LangSmith UI stuck in router node when not not invoking SubGraph from router node

This is the code at a high level. I am using LangGraph with a router node that uses `Command` to route execution to `END`, `planner`, `tools`, or invoke a subgraph from main graph

# ===============================
# Router Node
# ===============================
  async def router_node(state: MainGraphState) -> Command[Literal["tools", "planner", "__end__"]]:
      print("-" * 30 + "ENTERING ROUTER NODE " + "-" * 30)
      messages = state["messages"]
      last_message = messages[-1]

      if len(last_message.tool_calls) == 0: 
          print("✅ No tool calls detected, finishing execution.")
          return Command(goto=END)

      # Current implementation handles only one tool call per message
      tool_call = last_message.tool_calls[0]
      if tool_call["name"] == "subgraph_dispatch":
          tool_name = tool_call["args"]["subgraph_name"]
          tool_query = tool_call["args"]["query"]
          print(f"🔍 Routing to subgraph based on tool call: {tool_name} with query: {tool_query}\n")
          if tool_name == SubgraphName.SEARCH.value:
              result = await search_subgraph.ainvoke({"local_messages": [HumanMessage(content=tool_query)]})
              response = result["local_messages"][-1].content
              return Command(update={"messages": [ToolMessage(content=response,tool_call_id=tool_call["id"])]}, goto="planner")
          else:
              return Command(update={"messages": [ToolMessage(content="Subgraph not found")]}, goto="planner")
      else:
          return Command(goto="tools")

As shown in the video, In langSmith Studio’s Interact, the flow appears to return from the subgraph’s end to the main graph’s planner or ToolNode or end.
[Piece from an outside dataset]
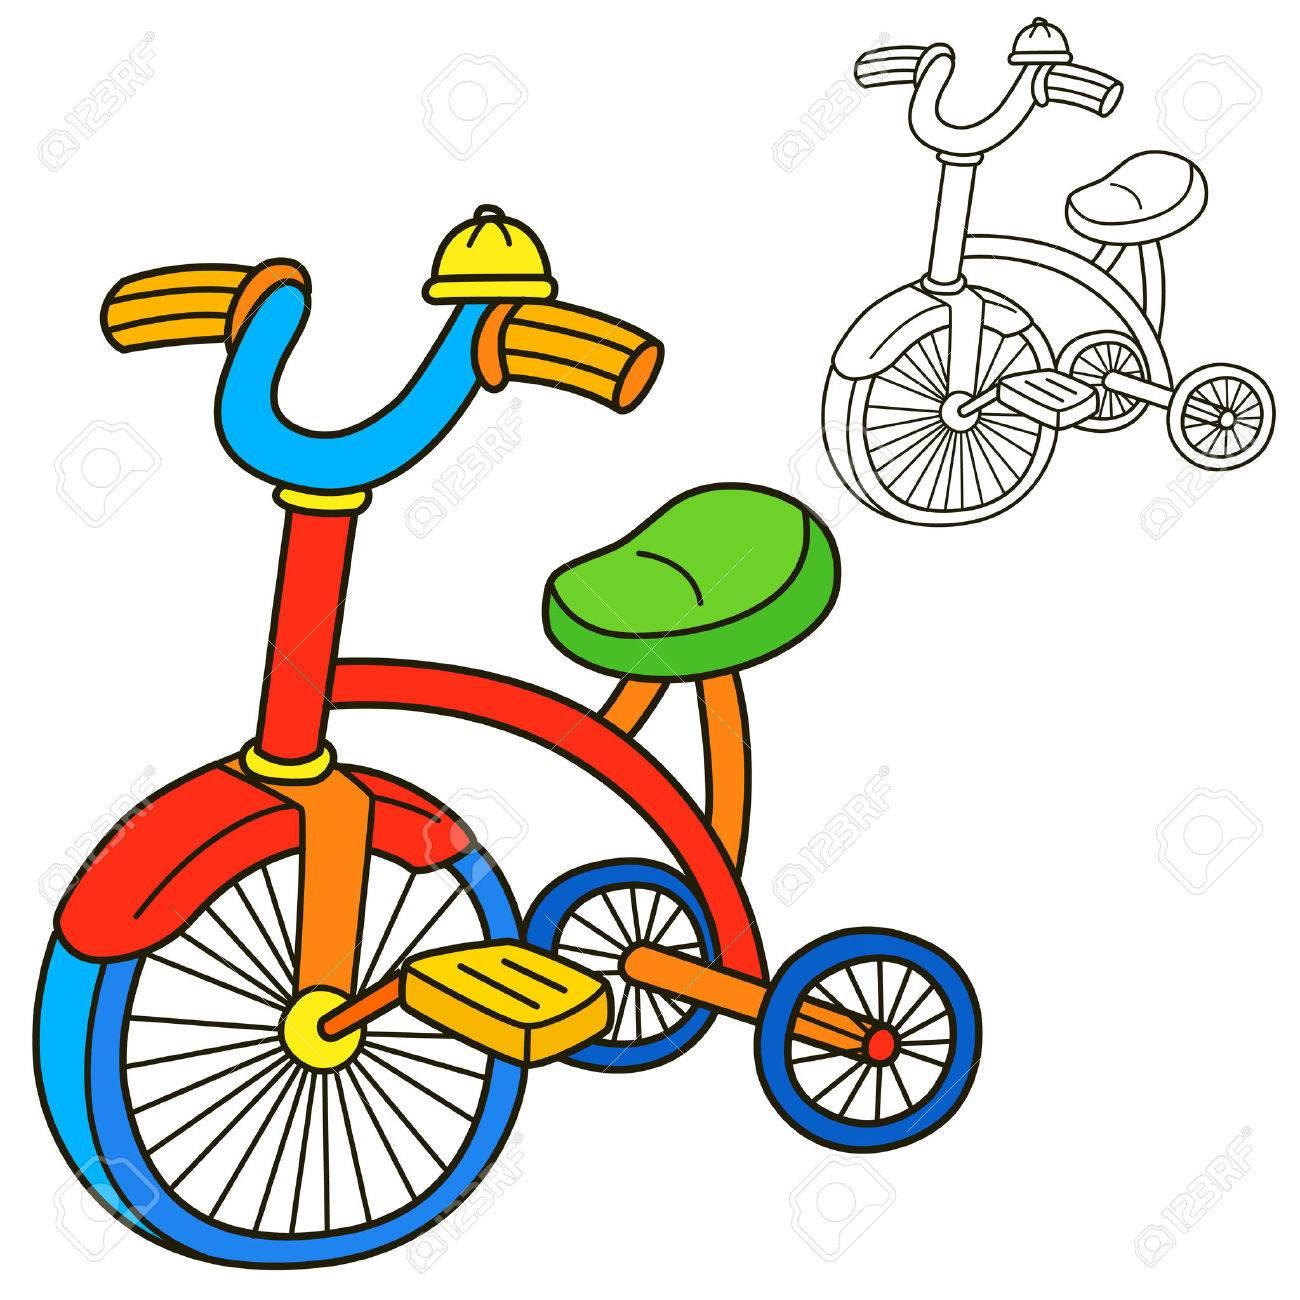 bicycle coloring book page cartoon vector illustration stock vector 44675479 - Bicycle Coloring Book

Due to this, when the AI agent does not make a tool call to subgraph, the execution appears to get stuck in the Interact and Trace views. However, the terminal running langgraph dev shows the expected behavior: the execution enters the “no tool calls” branch, exits the router node and terminates successfully.

@Aashishkumar-07 Would love to help you out, but your link returns 404. Also it is possible for you to share the Langsmith trace.

Hey, sorry about that.

Here is the LangSmith trace and video.

If I have not understood wrong, this issue seems to be not there for me, but the implementation for solving the issue might have caused unexpected behavior. I am planning to expose the subgraph as tool rather than using tool as en empty pass and conditionally handling it in router_node and invoking the subgraph.
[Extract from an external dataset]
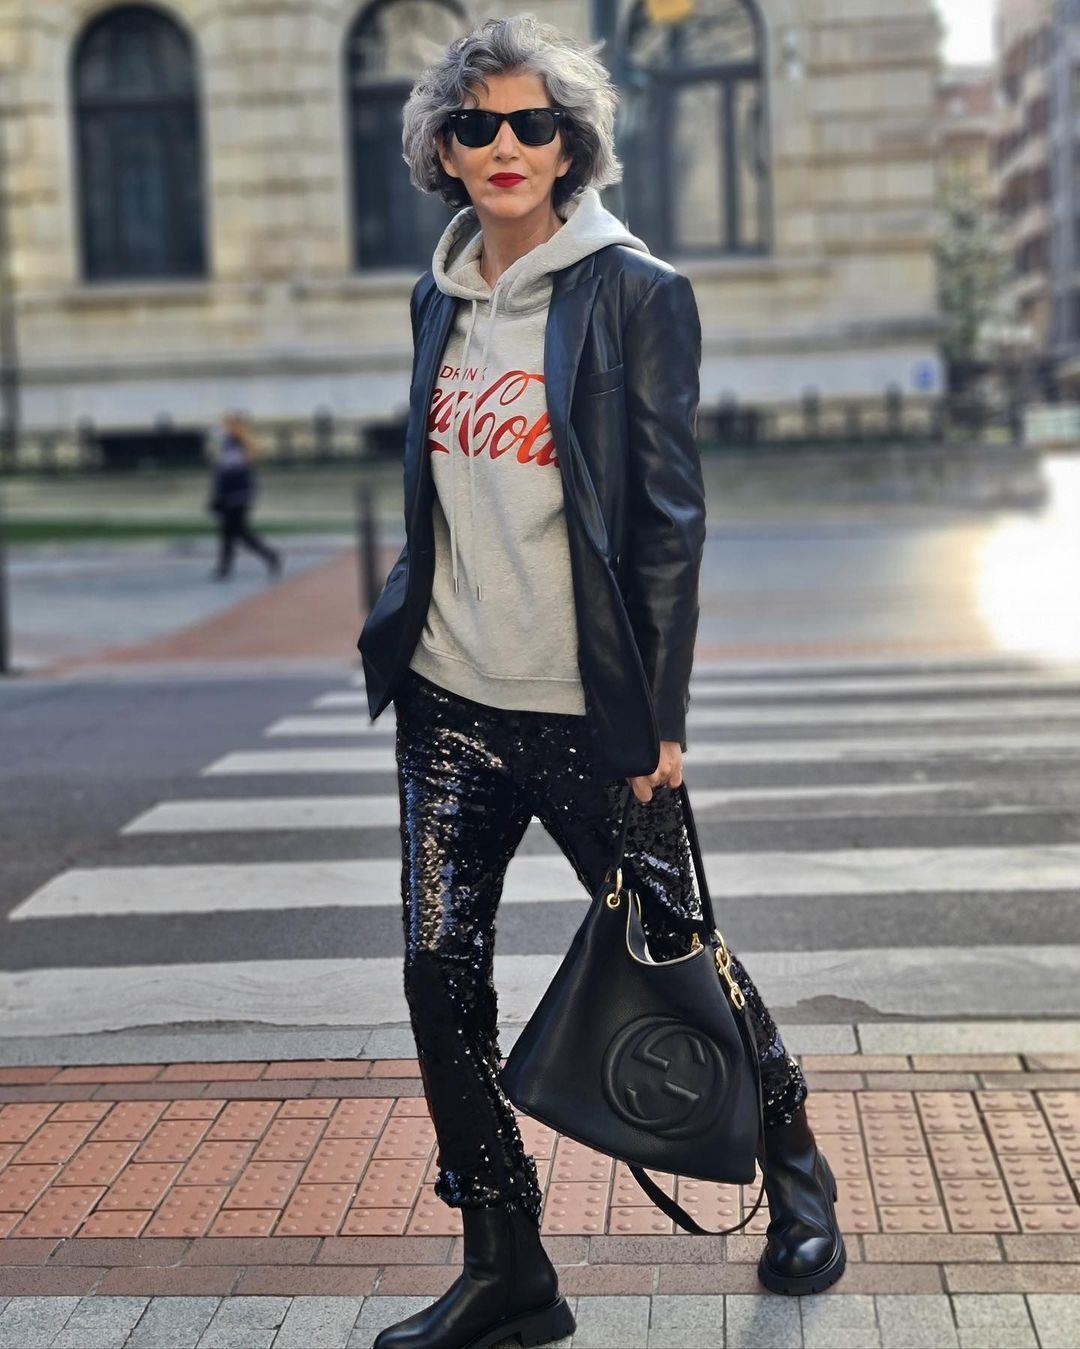 Carmen Gimeno2. Carmen Gimeno's look with sequin pants

But was curious, why was it not working in langSmith trace since it is the mentioned way in langGraph documents for different state schemas.

Hey, My post is getting flagged as spam, will investigate why and will share

It’s strange why your post is getting spammed, but from the evidence that you have shared , this looks like a LangSmith Studio visualization issue, not a graph execution bug: your terminal shows the router correctly taking the no-tool-calls branch and reaching END, while Studio’s Interact view stays on the router.

A few doc-backed notes that might be helpful:

  1. Your current pattern is valid for different state schemas. LangGraph’s recommended approach when parent/subgraph states don’t share keys is to invoke/ainvoke the subgraph inside a node and map state back , see Call a subgraph inside a node. So this isn’t an anti-pattern per se.

  2. Studio can get confused with Command + nested subgraph work. Make sure your router node:

  1. Your plan to expose the subgraph as a tool aligns with the recommended multi-agent subagents pattern and per-invocation subgraph docs. Tradeoff: tool-wrapped subgraphs aren’t statically discoverable for get_state(subgraphs=True), see View subgraph state.

  2. If you want built-in subagent orchestration, Deep Agents’ create_deep_agent(subagents=[...]) wires up a task tool via SubAgentMiddleware, but that’s optional; plain LangGraph tool-wrapping works too.

Could you share your langgraph / langgraph-api versions and whether the router node has any static edges in addition to Command returns? That would help confirm if this is a known Studio rendering edge case.

Hey @Aashishkumar-07, just following up if you were able to have a look and possibly share your langgraph / langgraph-api versions?

Hey, I was out of station, so I was not able to follow up sooner.

Here are the versions I am using:

Name: langchain
Version: 1.2.17

Name: langgraph
Version: 1.1.10

These are all the edges in my graph. There is no static edge originating from the router node but there is one static edge towards the router node.

graph.add_node("planner", planner)
graph.add_node("router", router_node)
graph.add_node("tools", tool_node)

graph.add_edge("planner", "router")
graph.add_edge("tools", "planner")

Hello @Aashishkumar-07, since you do not have static edges in router node that rules this cause out.
Can you please upgrade LangGraph to v1.2.7 and LangChain to 1.3.1.1 and try again?

Hi,

I have upgraded to the latest versions, but I am still observing the same behavior.

Name: langgraph
Version: 1.2.7

Name: langchain
Version: 1.3.11

Also, after revisiting both my earlier and newer LangSmith Trace , I observed that the output has appeared correctly. The planner node is the starting node of my graph, so the trace naturally starts there. Similarly, the router node returns Command(goto=END), so the trace ends at the router node.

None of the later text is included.